# Help Enworld



## Bront (May 10, 2006)

How can we (As posters/members/lovers of EnWorld) and I (personaly) help to make sure things stay working and something like this doesn't happen again?

I see you had 2 volunteers help you out of the goodness of their hearts, and we all thank them, but is there more we as a comunity, as well as any of us as individuals do to help you out?


----------



## Jdvn1 (May 10, 2006)

If you stop posting, there'll be nothing to back up next time. 

I think this is mostly up to the admins, though. Maybe with more money they'd have spiffier hardware, but I can't say that was a cause of the corruption.


----------



## Bront (May 10, 2006)

I'm guessing that the coruption likely came as part of the hack, but who knows.

I figured I'd put the call out.

Ask not what Enworld can do for you, but what we can force Jdvn1 to do for Enworld, or something like that.


----------



## Jdvn1 (May 10, 2006)

Heh. 

I gave what money I could to EN World! It's a great site that I'm happy to help. 

On my massive single digit hourly wage, I can only do so much.


----------



## GlassJaw (May 10, 2006)

Jdvn1 said:
			
		

> Maybe with more money they'd have spiffier hardware, but I can't say that was a cause of the corruption.

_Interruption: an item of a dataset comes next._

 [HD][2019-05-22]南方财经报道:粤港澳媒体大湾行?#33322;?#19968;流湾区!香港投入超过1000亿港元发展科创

Maybe they should have some kind of server drive where people can donate their own money out of the goodness of their hearts....oh wait.


----------



## Rodrigo Istalindir (May 10, 2006)

That's not really fair, Glassjaw.  The server drive bought the new hardware and the CS accounts help fund the ISP.  No one is getting paid to manage this place full time, and I see a lot of places paying big bucks for a database admin with lower volume systems than ENWorld is.

That said, I do have some expertise in these areas, and I'm certainly willing to volunteer my time and effort to help run this place above and beyond buying a CS account.


----------



## Rackhir (May 10, 2006)

I have a DLT tape library that is just sitting around at my job, that I might be able to talk my boss into donating. Would something like that be helpful or useful for backing things up? It is an older one which only holds I think like 40 gig or so per tape, but does hold 7 tapes.


----------



## Jdvn1 (May 10, 2006)

GlassJaw said:
			
		

> Maybe they should have some kind of server drive where people can donate their own money out of the goodness of their hearts....oh wait.

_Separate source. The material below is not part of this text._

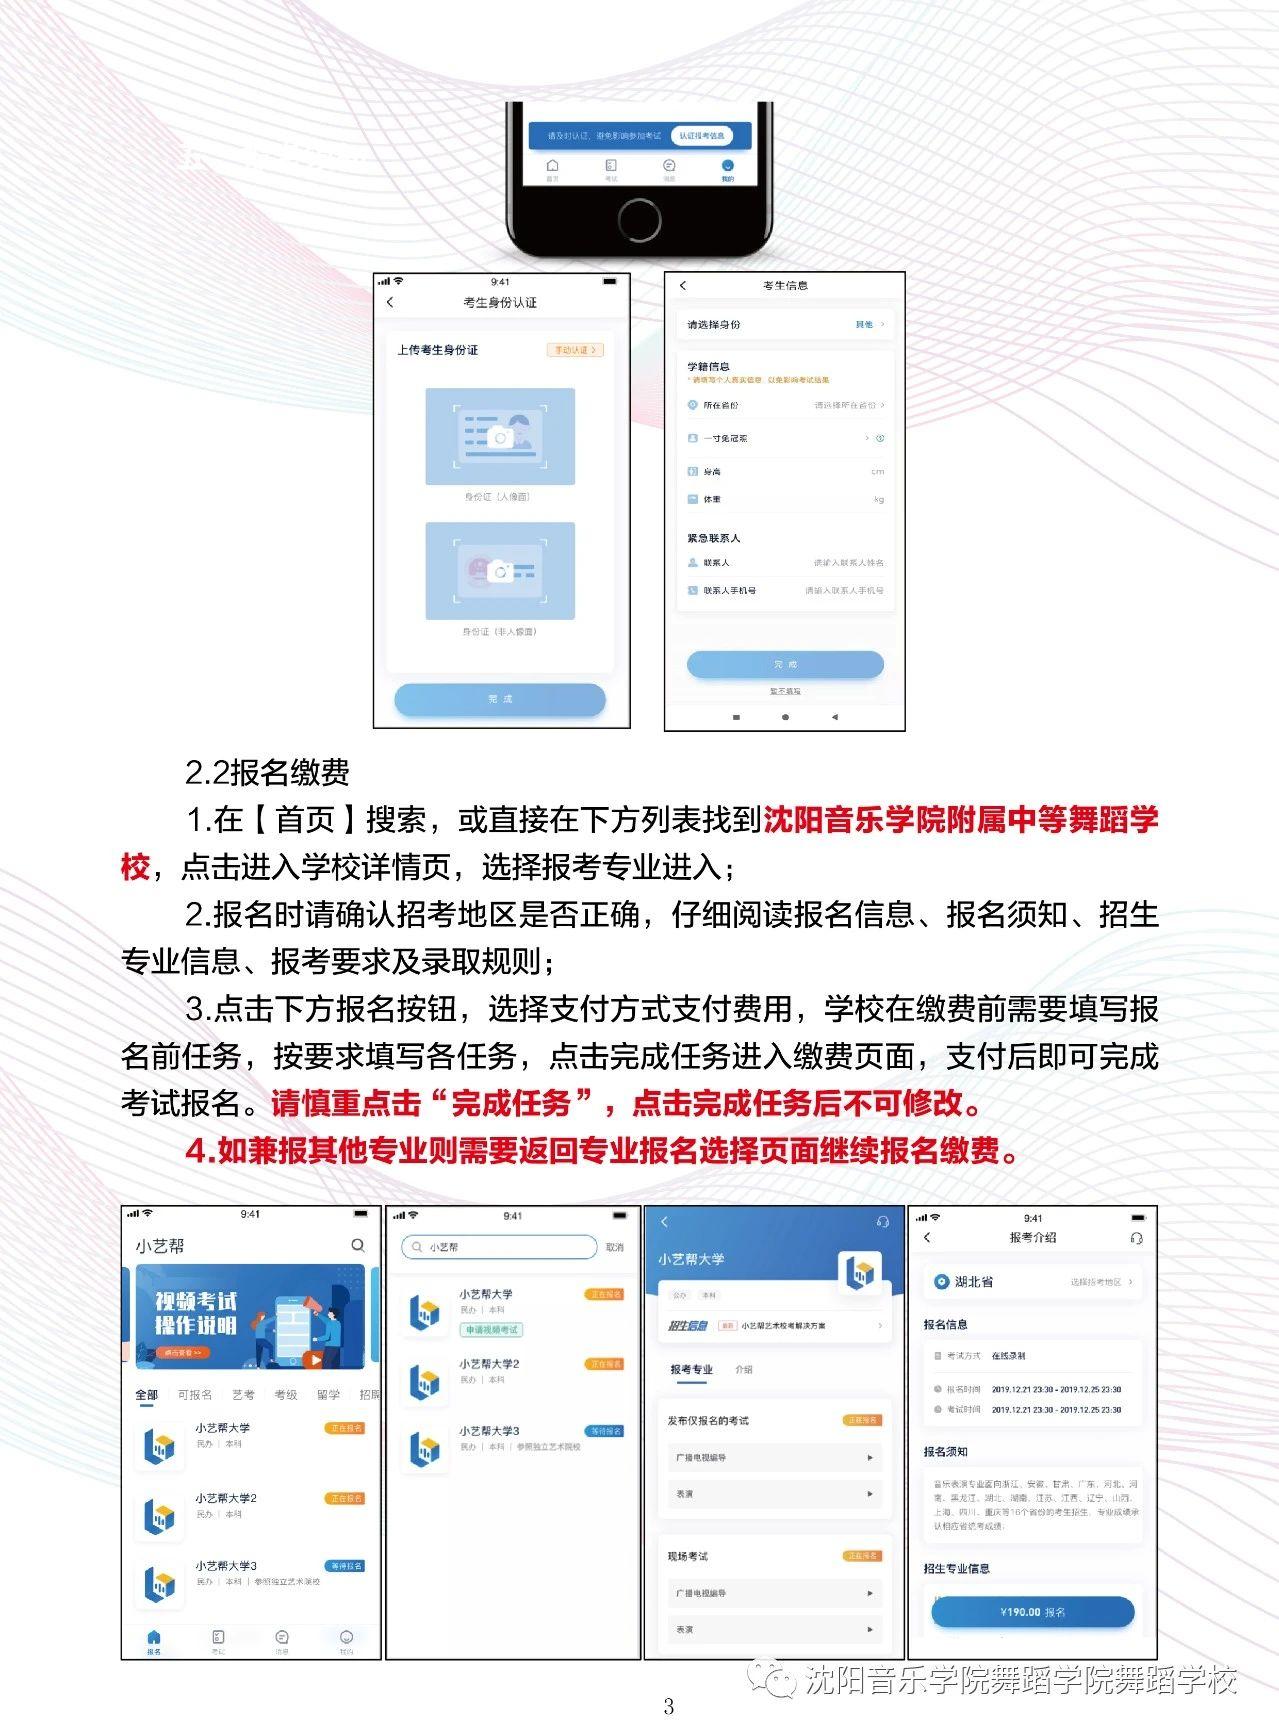 2021年沈阳音乐学院附属中等舞蹈学校招生考试小艺帮APP2.0版本用户操作手册

 There should be an option for that, probably, not just during drives.

But if someone wants to donate money, they can buy (or extend) an account. Some people have CS accounts that go for many years just to give money to EN World.


----------



## Darth K'Trava (May 11, 2006)

Jdvn1 said:
			
		

> Heh.
> 
> I gave what money I could to EN World! It's a great site that I'm happy to help.
> 
> On my massive single digit hourly wage, I can only do so much.

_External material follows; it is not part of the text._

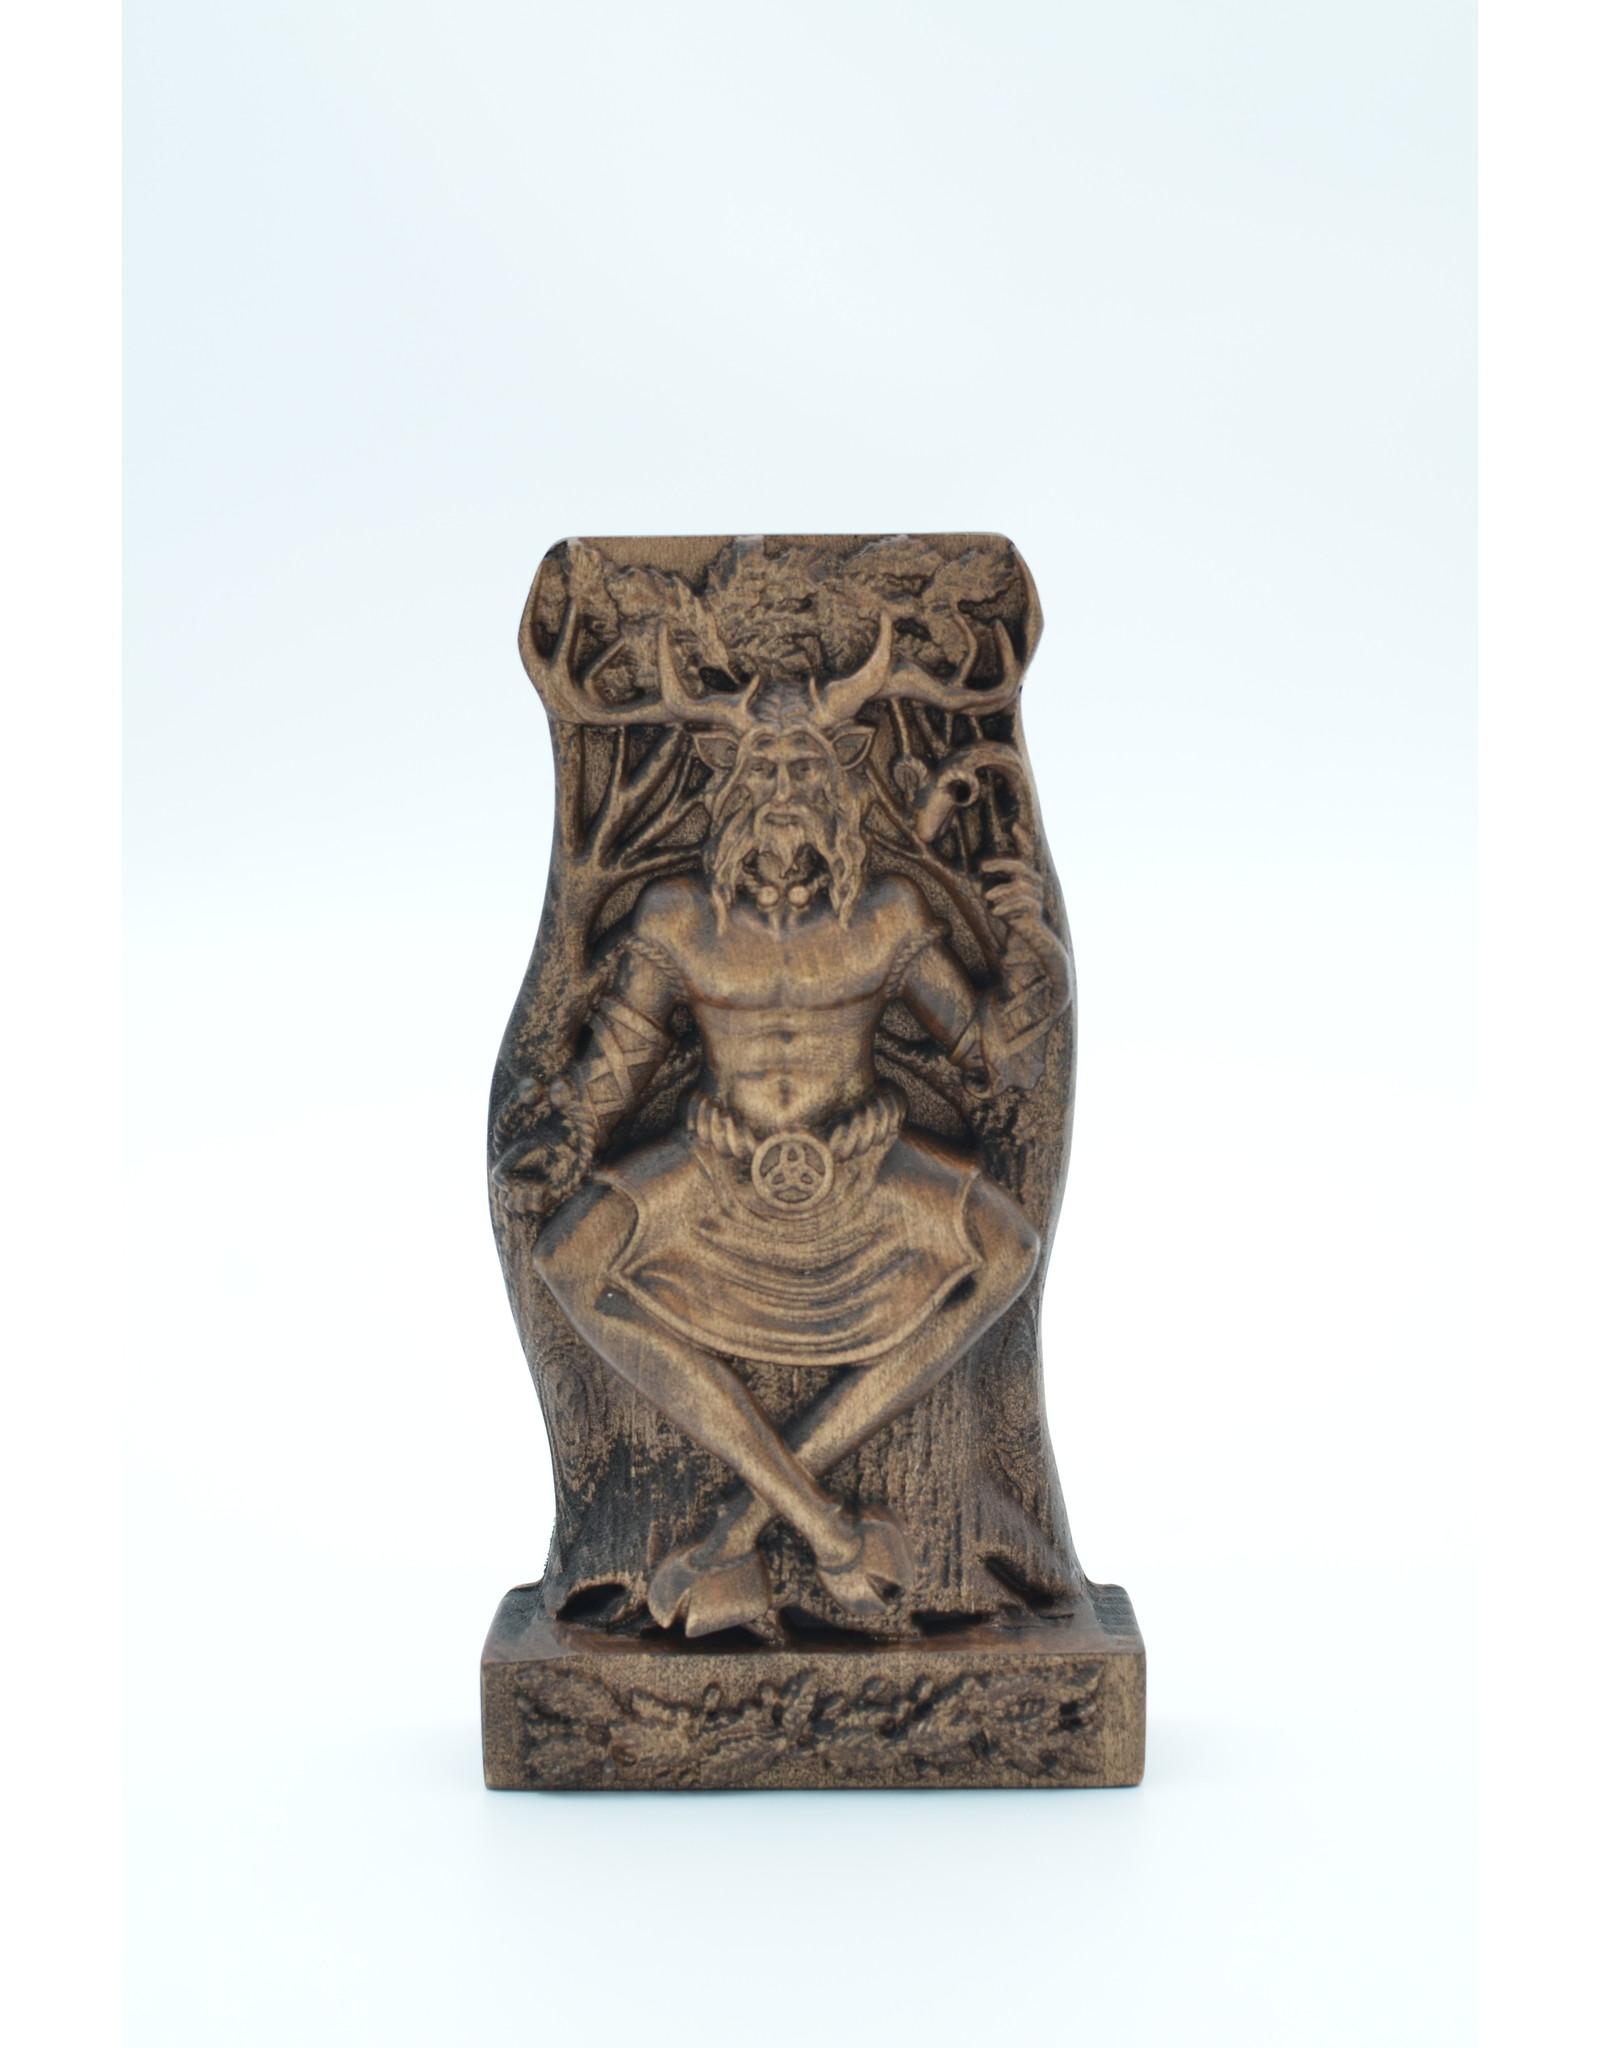 Cernunnos Wooden Statue

Sounds like my hourly wage....


----------



## MavrickWeirdo (May 11, 2006)

Rodrigo Istalindir said:
			
		

> That's not really fair, Glassjaw.  The server drive bought the new hardware and the CS accounts help fund the ISP.  No one is getting paid to manage this place full time, and I see a lot of places paying big bucks for a database admin with lower volume systems than ENWorld is.
> 
> That said, I do have some expertise in these areas, and I'm certainly willing to volunteer my time and effort to help run this place above and beyond buying a CS account.




I think that is what Bront was refering to. In RL he's a 3rd shift Data Base Admin. Myself I'm a Software Quality Tester. 
While clear athority would need to be established to avoid the "too many cooks" issues, I'm sure there are technically proficient ENWorlders who would be willing to "donate" hours.


----------



## Jdvn1 (May 11, 2006)

Darth K'Trava said:
			
		

> Sounds like my hourly wage....



 Scary when you look at the price of something (such as the CS accounts) and think, "Wait, that's how many hours I have to work? Hm, well, bills take up so many hours already..." Yeah?


----------



## Darth K'Trava (May 12, 2006)

Jdvn1 said:
			
		

> Scary when you look at the price of something (such as the CS accounts) and think, "Wait, that's how many hours I have to work? Hm, well, bills take up so many hours already..." Yeah?




Yep. At least one is taken care of. The car is paid for in full. Just sent off the last payment!


----------



## Bront (May 12, 2006)

MavrickWeirdo said:
			
		

> I think that is what Bront was refering to. In RL he's a 3rd shift Data Base Admin. Myself I'm a Software Quality Tester.
> While clear athority would need to be established to avoid the "too many cooks" issues, I'm sure there are technically proficient ENWorlders who would be willing to "donate" hours.



I am?  Cool.  I should let my employers know so I can make more money 

I do Batch Application Monitoring, which has little to do with Database Admin.  I have done network admin stuff though.


----------



## Jdvn1 (May 12, 2006)

Darth K'Trava said:
			
		

> Yep. At least one is taken care of. The car is paid for in full. Just sent off the last payment!



 Congrats! Now for a house...


----------